“I believe that in a democracy what elections are about are serious debates over serious issues,” Senator Bernie Sanders (I-Vermont) said upon announcing his presidential campaign in April 2015. He concluded with a plea to the press: “I would hope, and I ask the media’s help on this, allow us to discuss the important issues facing the American people and let’s not get hung up on political gossip or all the other soap opera aspects of modern campaigns.”

Less than two months later, Donald Trump rode his escalator into the race and promptly obliterated any possibility of the media heeding Sanders’s call. Almost immediately, the election came to resemble, if not a soap opera, a reality TV show with the incendiary former star of The Apprentice at its center. This has resulted not only in ridiculously lopsided coverage of Trump, at the expense of his rivals in both parties, but also in a lack of sustained and serious attention to the important issues of our time.
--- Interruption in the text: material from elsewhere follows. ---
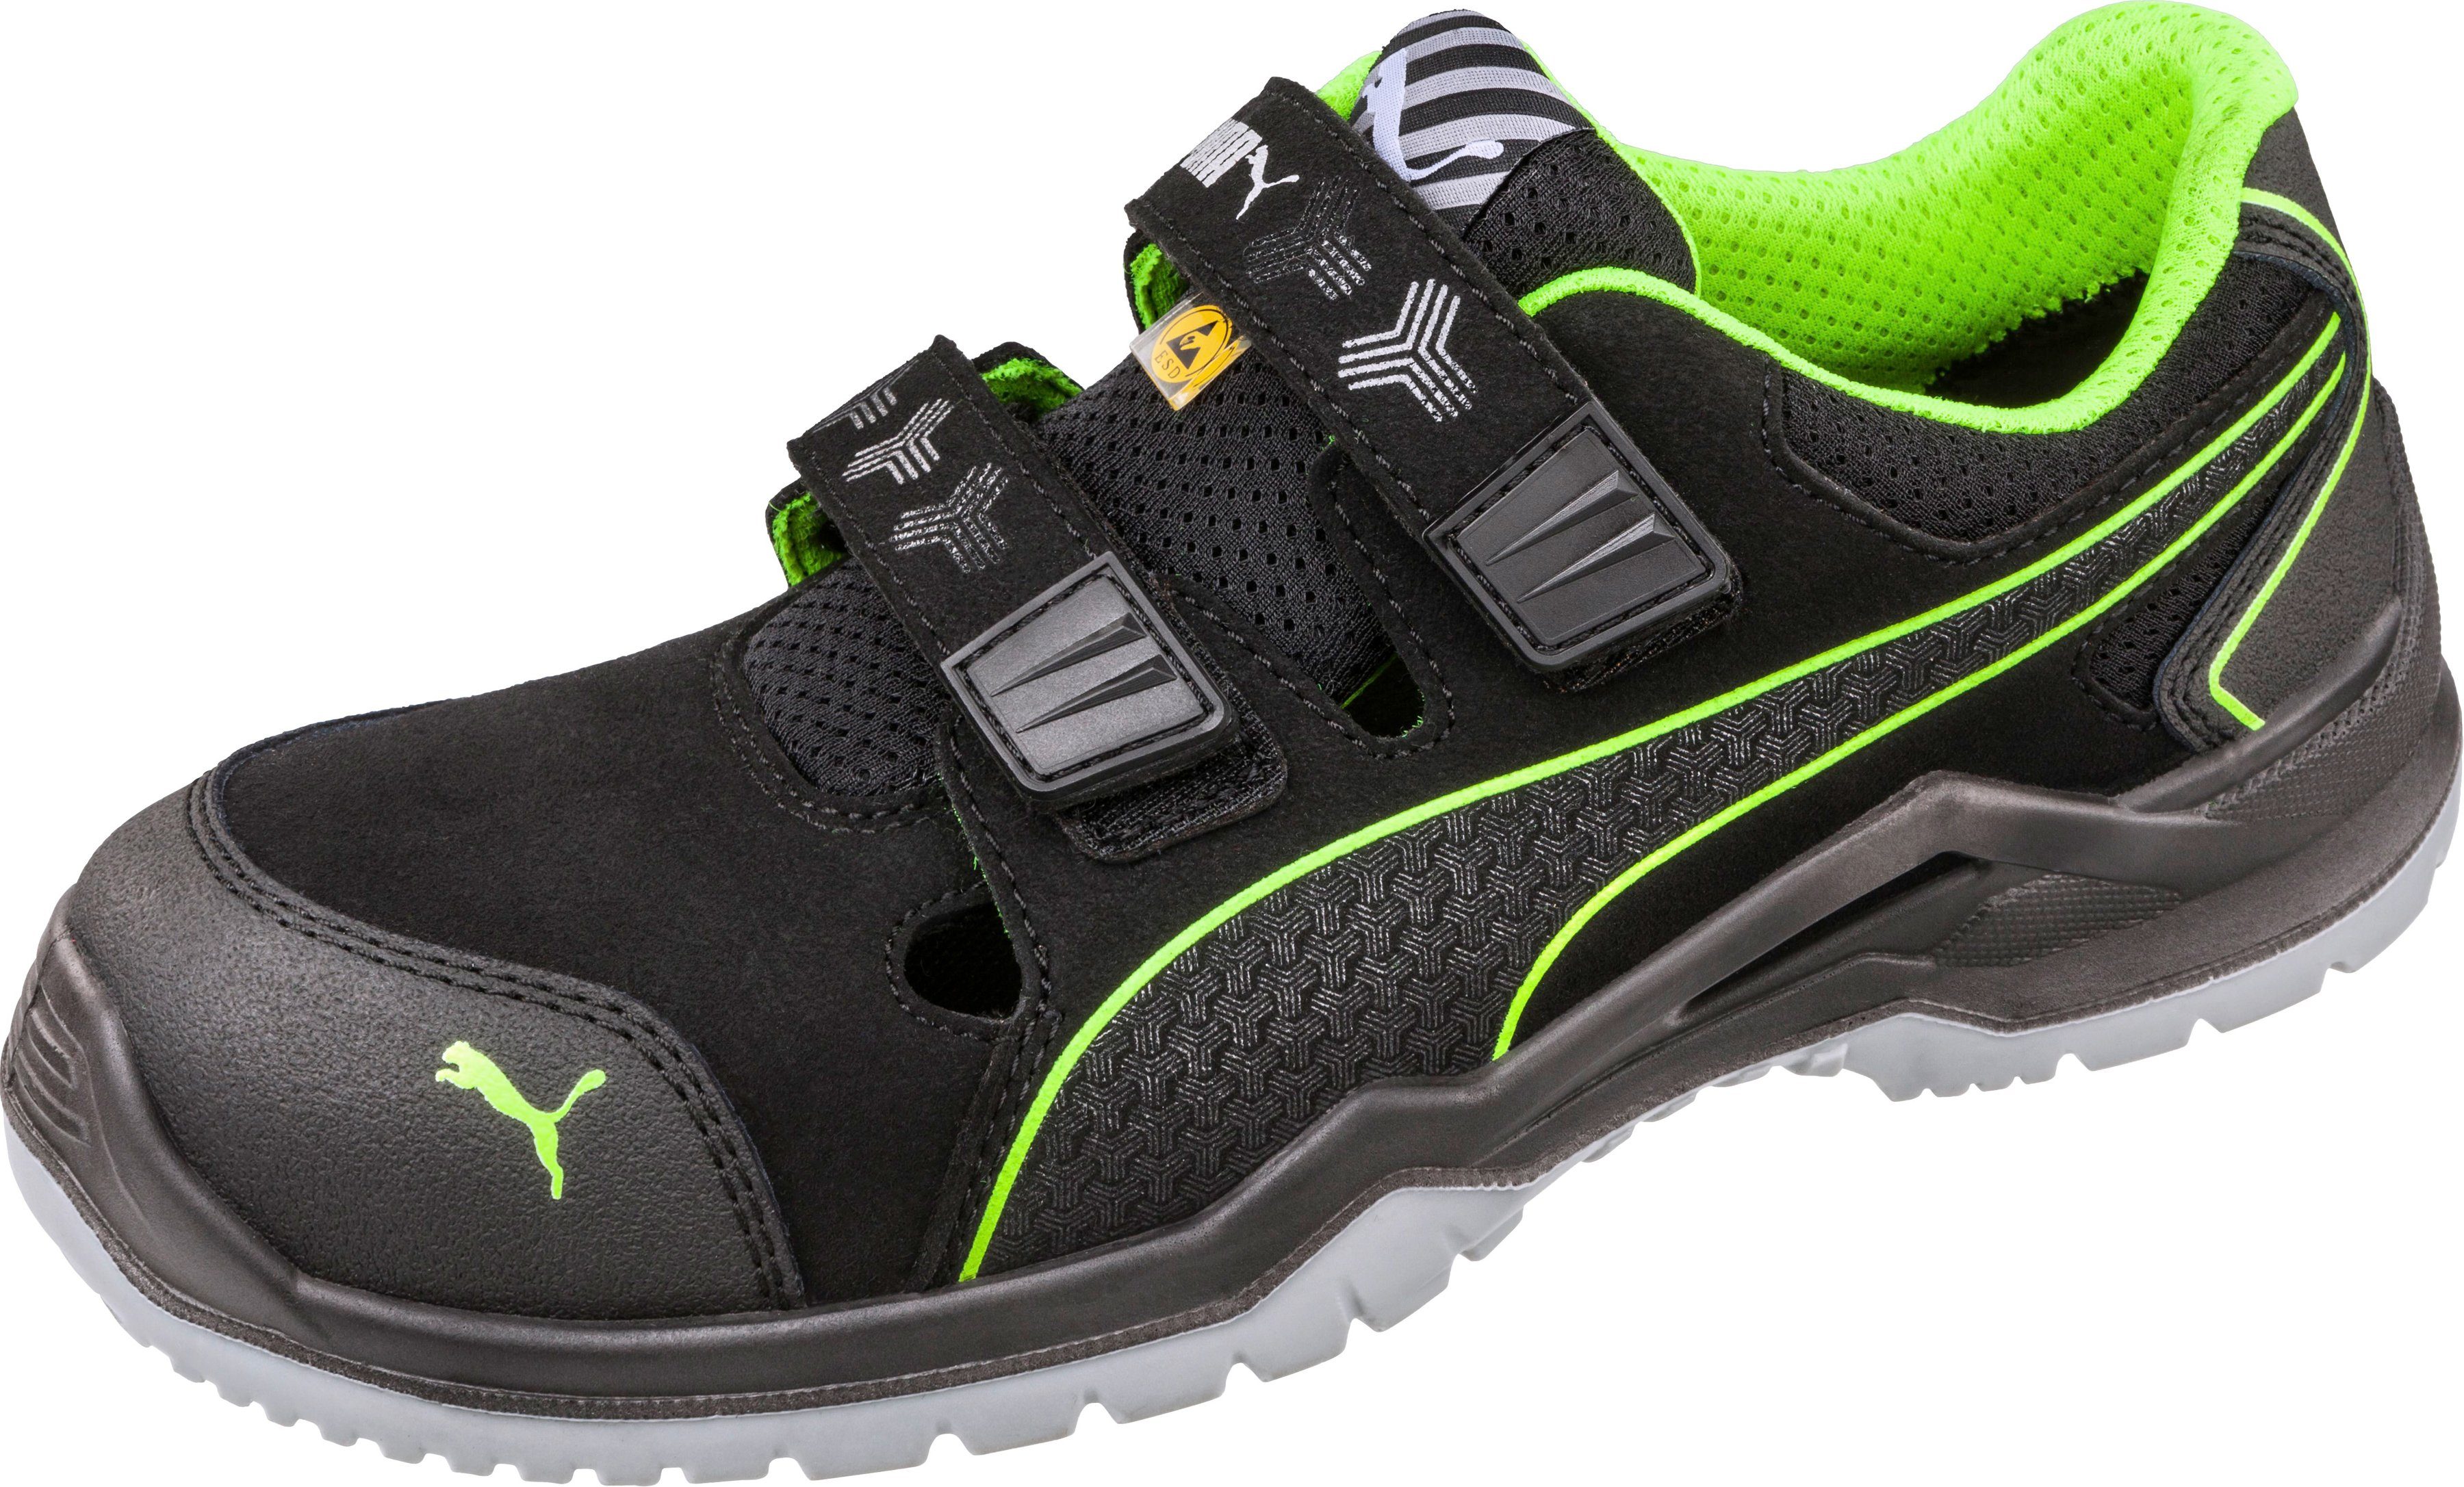 PUMA Safety »Neodyme« Sicherheitsschuh Sandale, Sicherheitsklasse S1P  online kaufen | OTTO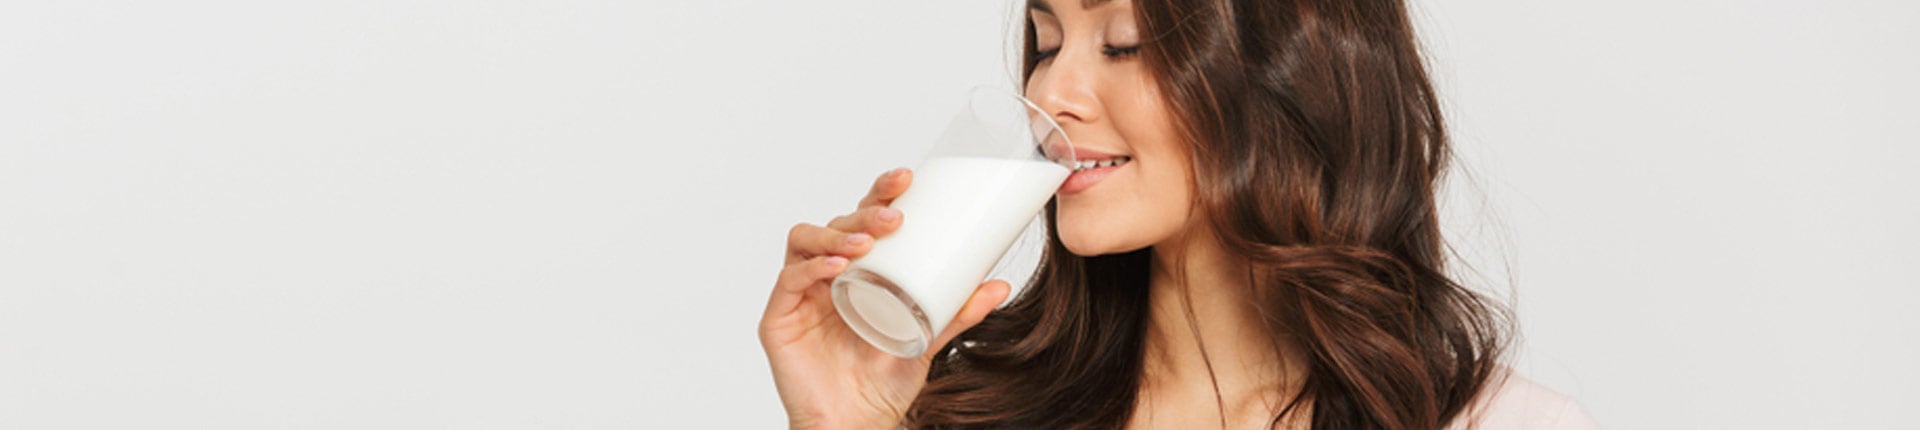 Mleko i jogurty, a insulinooporność

The problem was evident as early as last summer, when political scientist John Sides argued that Trump was rising in the polls in part because “people are being bombarded with news stories” about him. But that was only the beginning. On the three major network evening newscasts, media analyst Andrew Tyndall found, Trump’s campaign was the second most heavily covered story of 2015, trailing only the weather. For the year, Trump received 327 minutes of evening network news coverage. That’s more than twice as much as former Secretary of State Hillary Clinton (121 minutes), Texas Senator Ted Cruz (21 minutes), and Sanders (20 minutes) combined.